#### DATA SECTION:
========================================================================
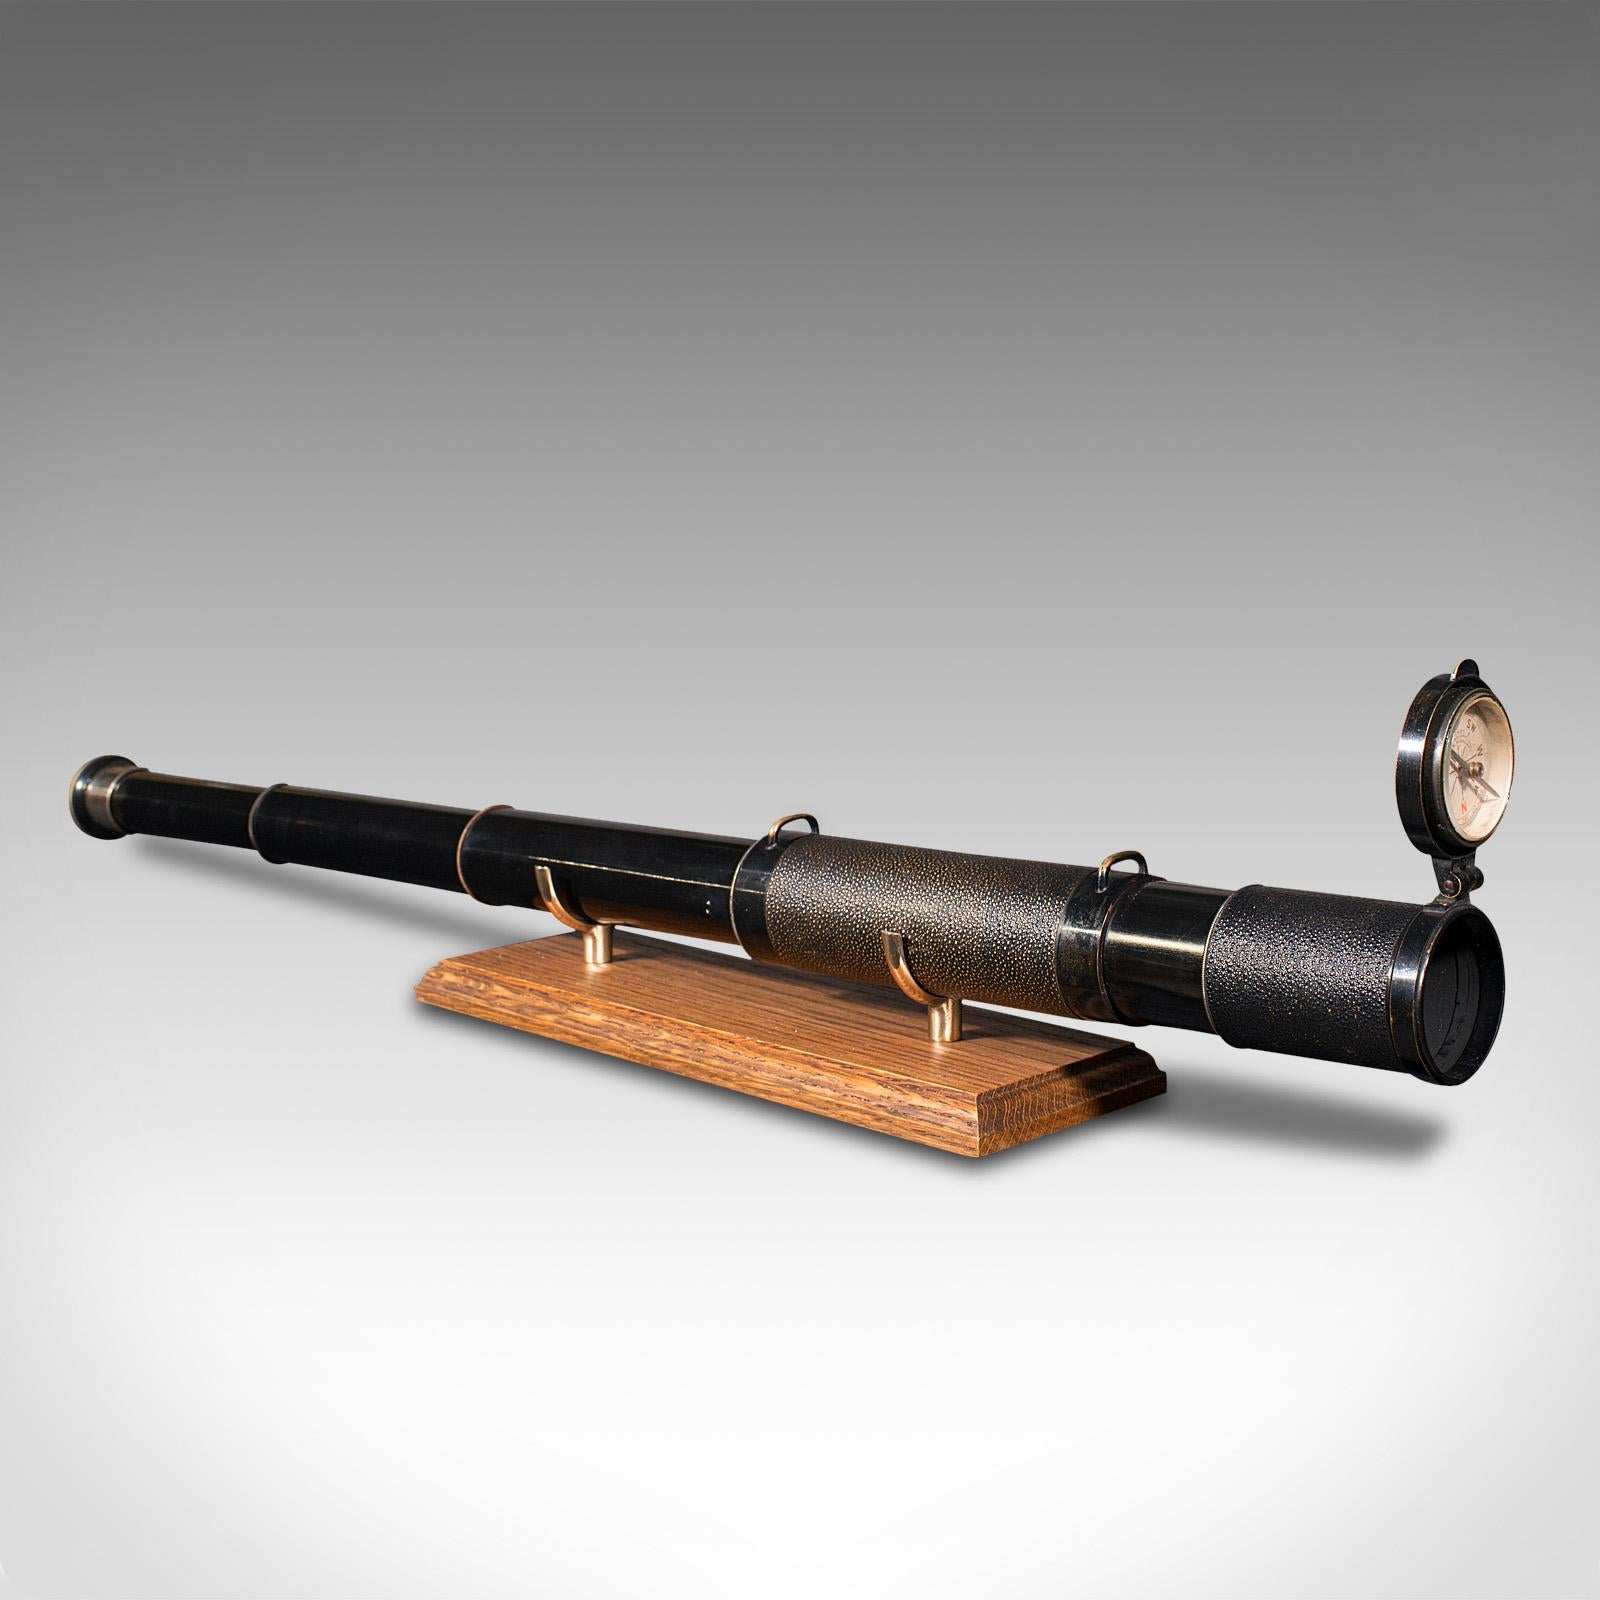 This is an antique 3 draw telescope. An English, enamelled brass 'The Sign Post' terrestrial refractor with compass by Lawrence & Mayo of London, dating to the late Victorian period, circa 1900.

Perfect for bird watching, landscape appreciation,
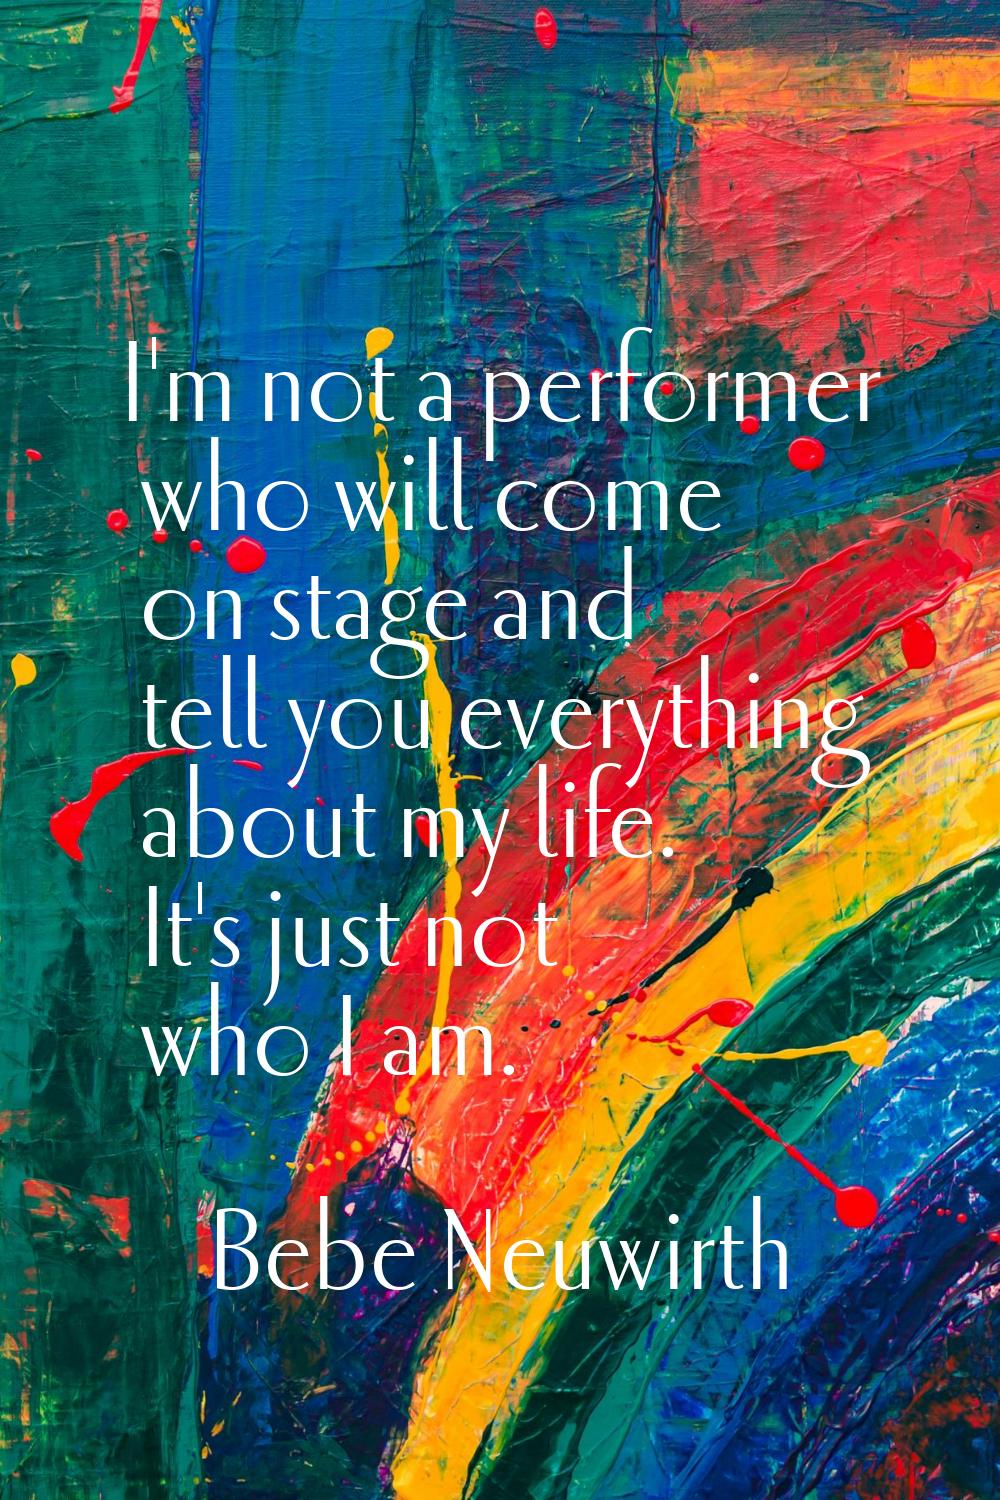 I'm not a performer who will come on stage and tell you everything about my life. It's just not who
========================================================================
#### WHAT TO PRODUCE:
Reprint the listing above exactly, without images.

#### YOUR SOLUTION:
 This is an antique 3 draw telescope. An English, enamelled brass 'The Sign Post' terrestrial refractor with compass by Lawrence & Mayo of London, dating to the late Victorian period, circa 1900.

Perfect for bird watching, landscape appreciation,
 I'm not a performer who will come on stage and tell you everything about my life. It's just not who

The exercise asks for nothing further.